OOM kills occur when a container exceeds its memory limit and is terminated by the kernel. This can cause:

  • Service disruption: Pods restart, causing temporary unavailability
  • Data loss: In-flight requests or unsaved state may be lost
  • Performance degradation: Constant restart loops consume cluster resources
  • Cascading failures: Multiple OOM kills can indicate systemic resource issues

Monitoring OOM kills helps you:

  • Detect undersized memory requests/limits
  • Identify memory leaks or inefficient code
  • Right-size workloads for cost optimization
  • Prevent production incidents

OOM Kill Detection Strategy

We suggest a two-tier approach:

  1. Reactive detection: Alert when OOM kills have occurred
  2. Proactive monitoring: Warn when memory usage exceeds requests (before hitting limits)

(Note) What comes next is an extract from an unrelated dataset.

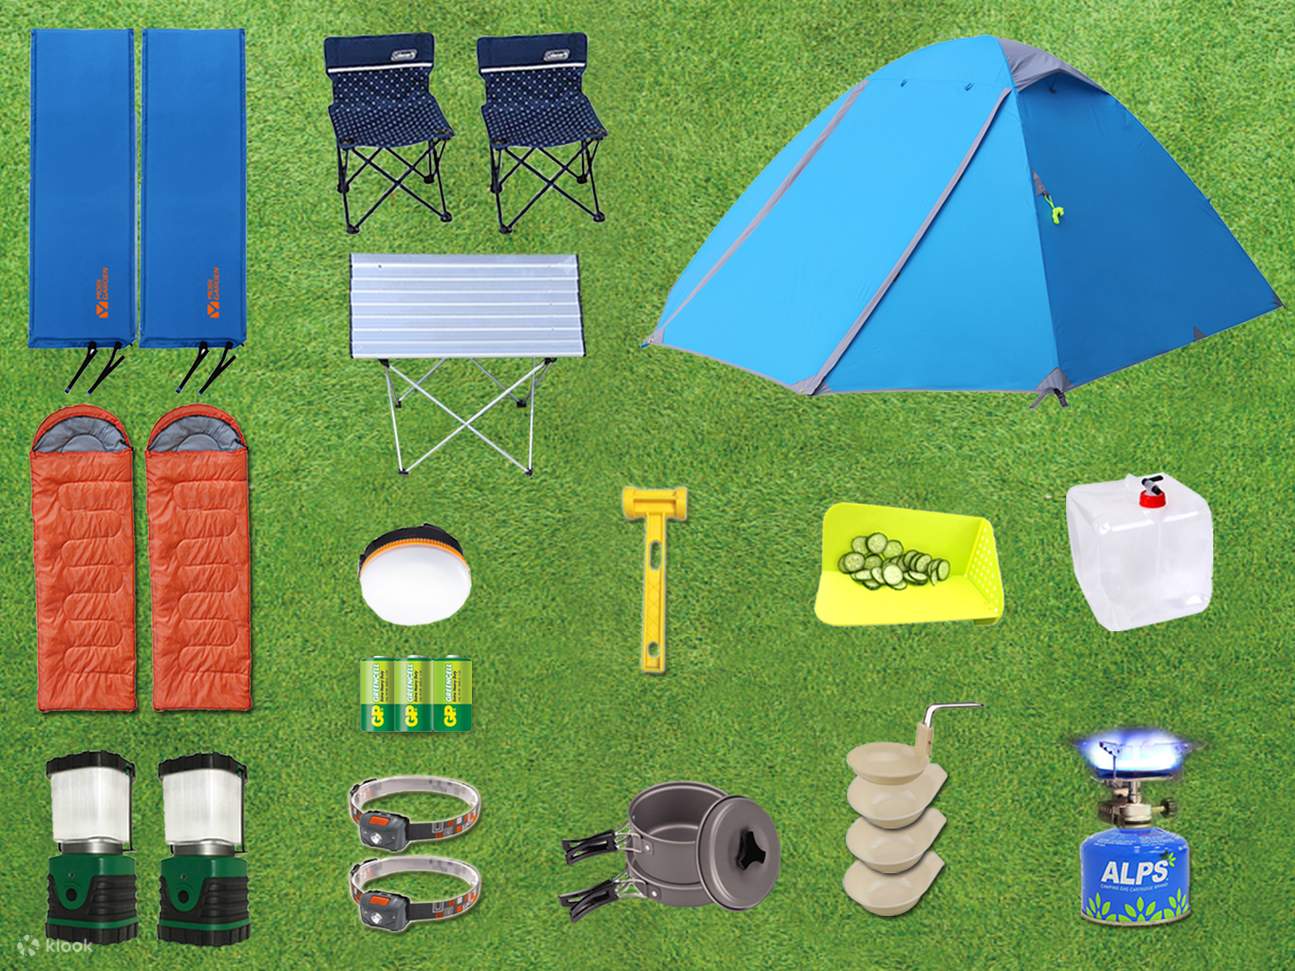 New To Camping? Rent A 'Camp Kit

Why Monitor Against Requests vs Limits?

  • Limits trigger OOM kills: When a container exceeds its memory limit, the kernel OOMKills it
  • Requests indicate expected usage: When actual usage significantly exceeds requests, it suggests:
    • Requests are undersized (scheduling problems)
    • Memory usage is growing unexpectedly (potential leaks)
    • Workload characteristics have changed

Monitoring against requests provides early warning before containers approach their limits and get killed. This is especially valuable for cost optimization and capacity planning.

Required Metrics Source: kube-state-metrics

kube-state-metrics provides metrics about OOMKills. This is an extremely common Kubernetes component that exposes pod and container state as Prometheus metrics.

Deployment: Most Kubernetes monitoring stacks (kube-prometheus-stack, etc.) include kube-state-metrics by default.

Verification:

# Check if kube-state-metrics is running
kubectl get pods -A | grep kube-state-metrics

# Verify OOM metrics are exposed
kubectl port-forward -n kube-system deployment/kube-state-metrics 8080:8080
curl http://localhost:8080/metrics | grep kube_pod_container_status_last_terminated_reason

Metrics for OOM Kill Detection

Reactive: Detecting OOM Kills

Primary metric (from kube-state-metrics):

kube_pod_container_status_last_terminated_reason{reason="OOMKilled"}

This metric indicates that a container's last termination was due to an OOM kill.

Labels:

  • namespace: Kubernetes namespace
  • pod: Pod name
  • container: Container name
  • reason: Termination reason (filter for "OOMKilled")

Example query - Current OOMKilled containers:

kube_pod_container_status_last_terminated_reason{reason="OOMKilled"} == 1

Example query - OOM kill rate over time:

sum(rate(kube_pod_container_status_restarts_total[5m])) by (namespace, pod, container)
  and on(namespace, pod, container)
  kube_pod_container_status_last_terminated_reason{reason="OOMKilled"} == 1

Proactive: Memory Pressure Detection

Monitoring against requests (from cAdvisor/kubelet):

# Memory usage as percentage of request
(
  container_memory_working_set_bytes{container!="", container!="POD"}
  /
  kube_pod_container_resource_requests{resource="memory"}
) * 100

Key metrics:

  • container_memory_working_set_bytes: Actual memory usage (what Kubernetes uses for eviction decisions)
  • kube_pod_container_resource_requests{resource="memory"}: Memory request for the container

Why container_memory_working_set_bytes? This metric excludes cached data that can be evicted, representing the true memory pressure. It's the same metric Kubernetes uses for OOM decisions.